Libby (Maisie Sly) is four, the youngest in her family, she is also profoundly deaf. That means that during busy breakfasts, she more or less watches from the sidelines as mum Sue (Rachel Fielding), dad Paul (Philip York) chat away with her older siblings. When social worker Joanne (Shenton) starts to visit and teach her sign language, a world of possibilities begin to open up for her - but now it is mum who begins to feel isolated.
Although the film's subject is deafness, Shelton and Overton really want us to see exactly what can happen to a youngster viewed as 'less able' by those around her simply because she is unable to communicate in exactly the same way that they can. Overton uses the visuals of sign language well, showing how they offer real freedom of expression for the previously sidelined Libby and, at one point, kills the sound completely to immerse us fully in her world. In one of the film's most uplifting moments, we see Libby in a room with other deaf people as she suddenly realises she can understand what they are saying - a pleasure as simple as feeding the ducks, but one the hearing community take for granted.

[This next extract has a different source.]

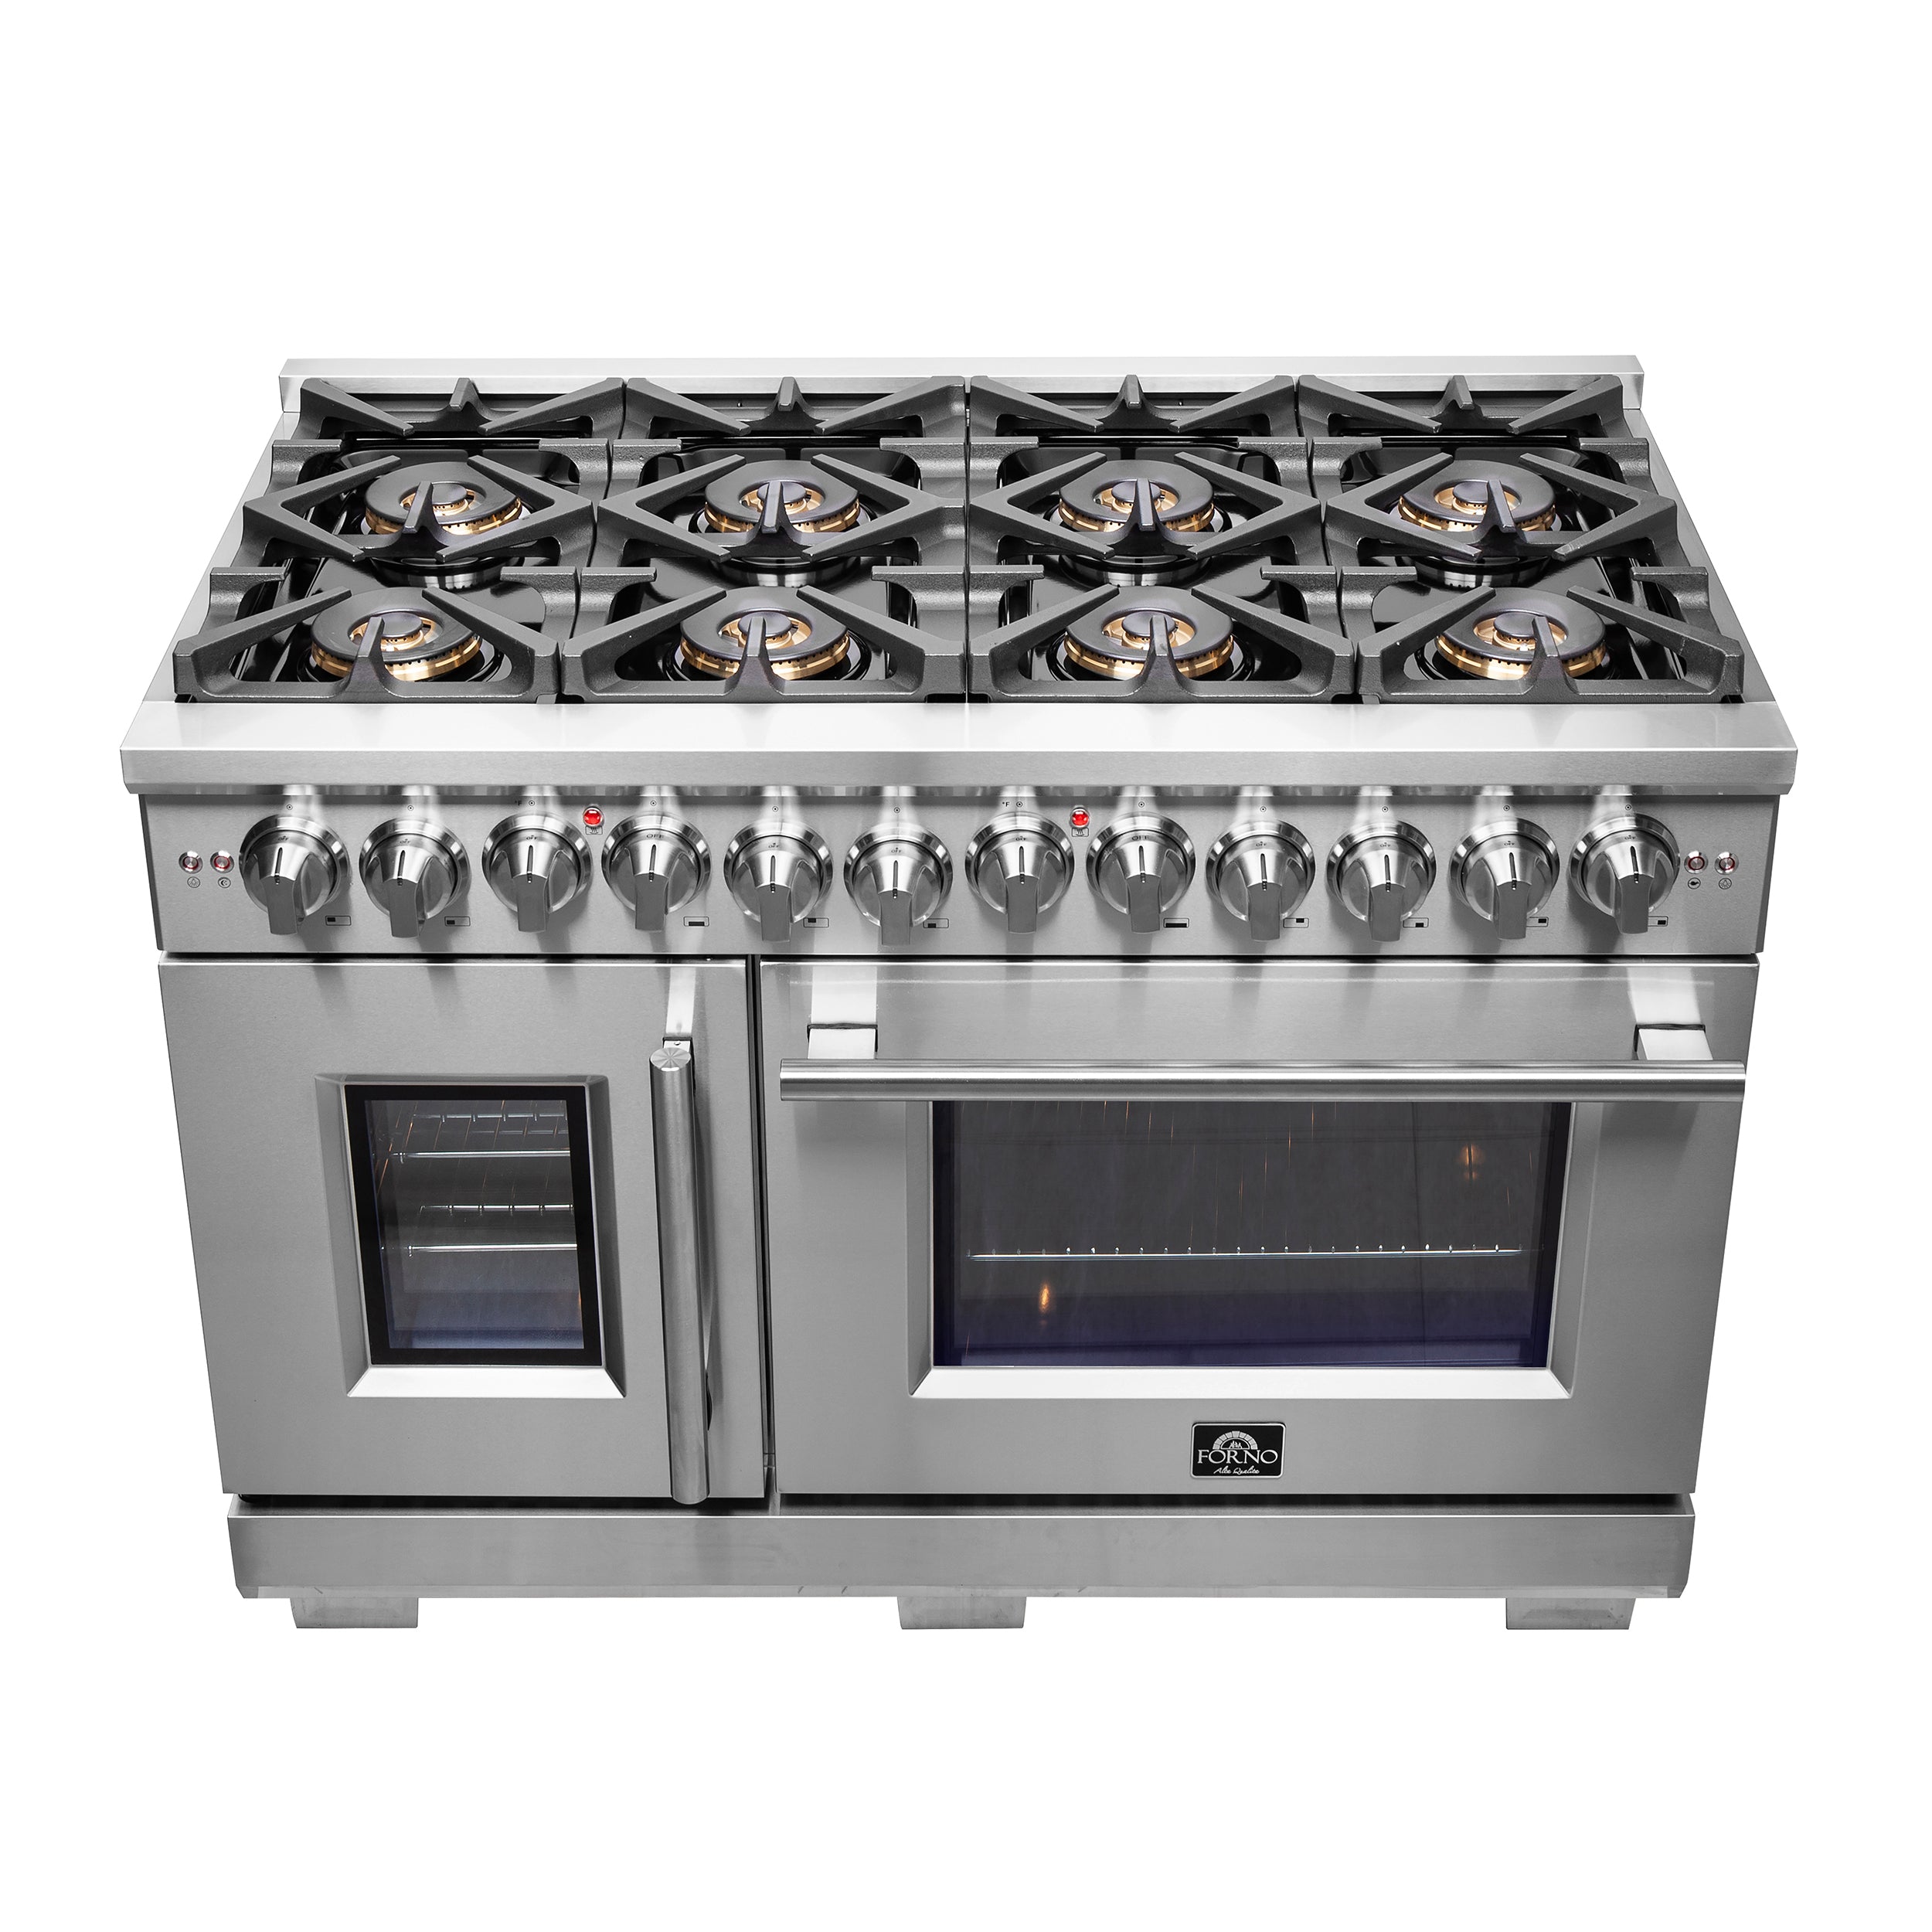 Forno Capriasca 48 in. 6.58 cu. ft. Left Swing Door Freestanding Dual Fuel Range with Gas Stove and Electric Oven in Stainless Steel (FFSGS6387-48)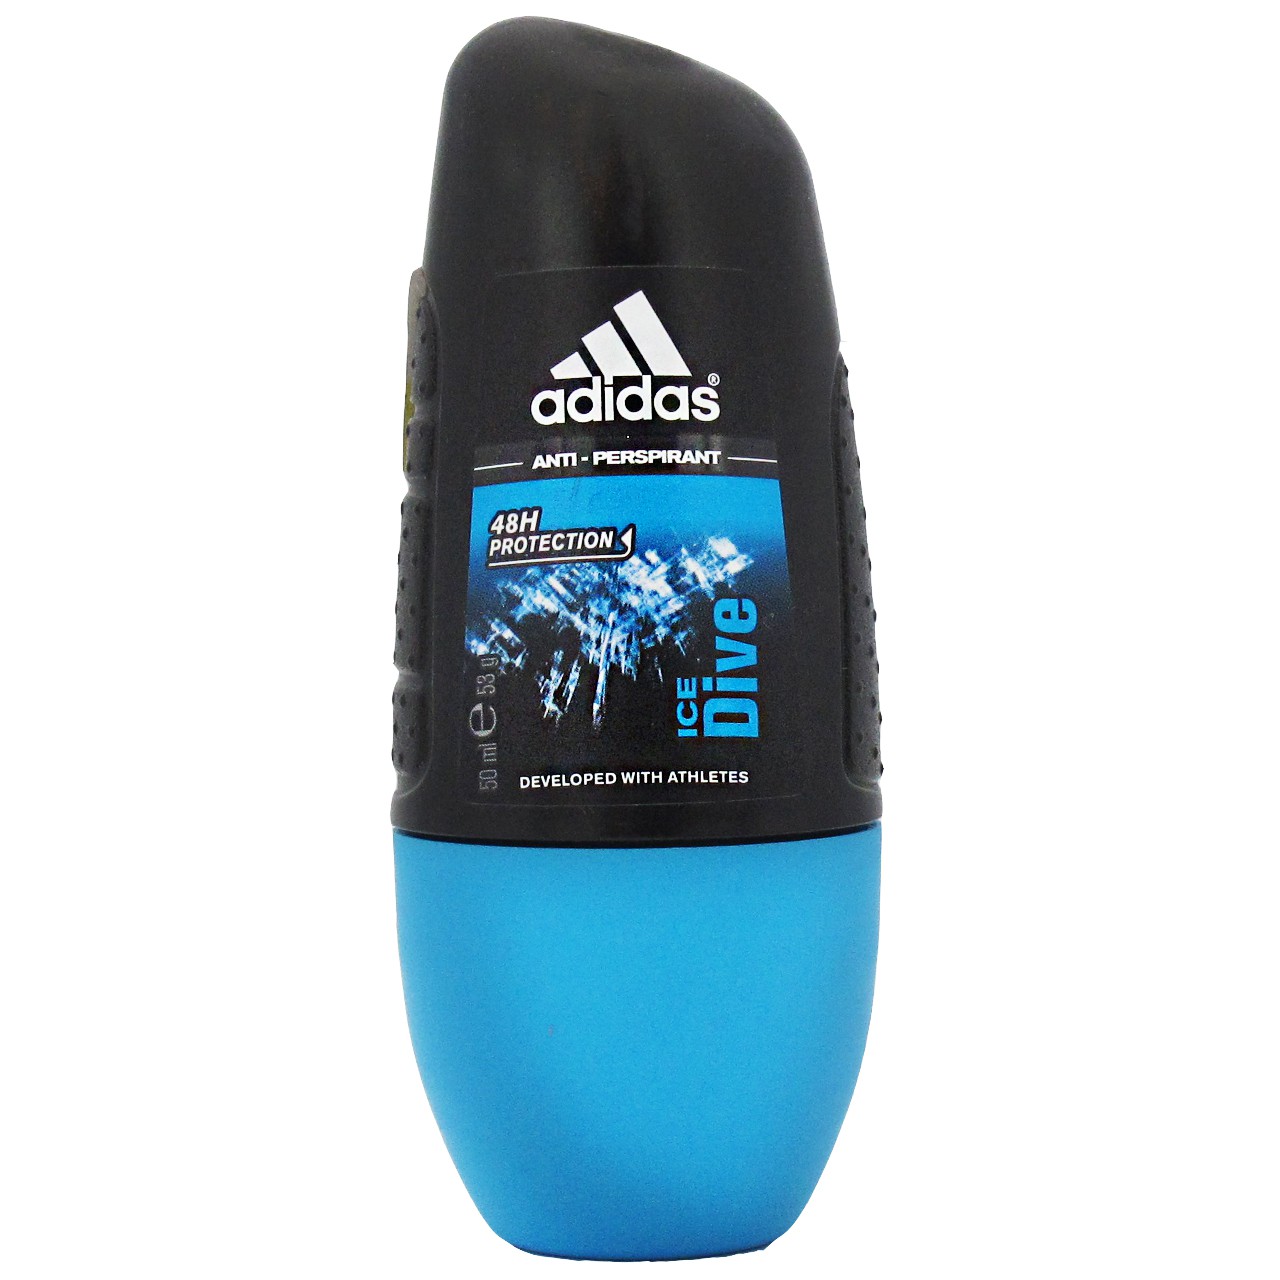 Adidas Ice Dive Roll-On Deodorant For Men 50ml

Shenton - a long-time advocate for deaf issues - has the sort of smile that lights up a room and helps to elicit a winning and natural performance from the film's young deaf star Sly. It's also worth looking out for composer Amir Konjani in the future, whose gently supportive score captures the film's bittersweet mood.
The filmmakers do not want you to feel good after this short, they want you to think and admirable though that is, the ultimate weight they put on the factual educational message is at odds with a fully satisfying fictional resolution.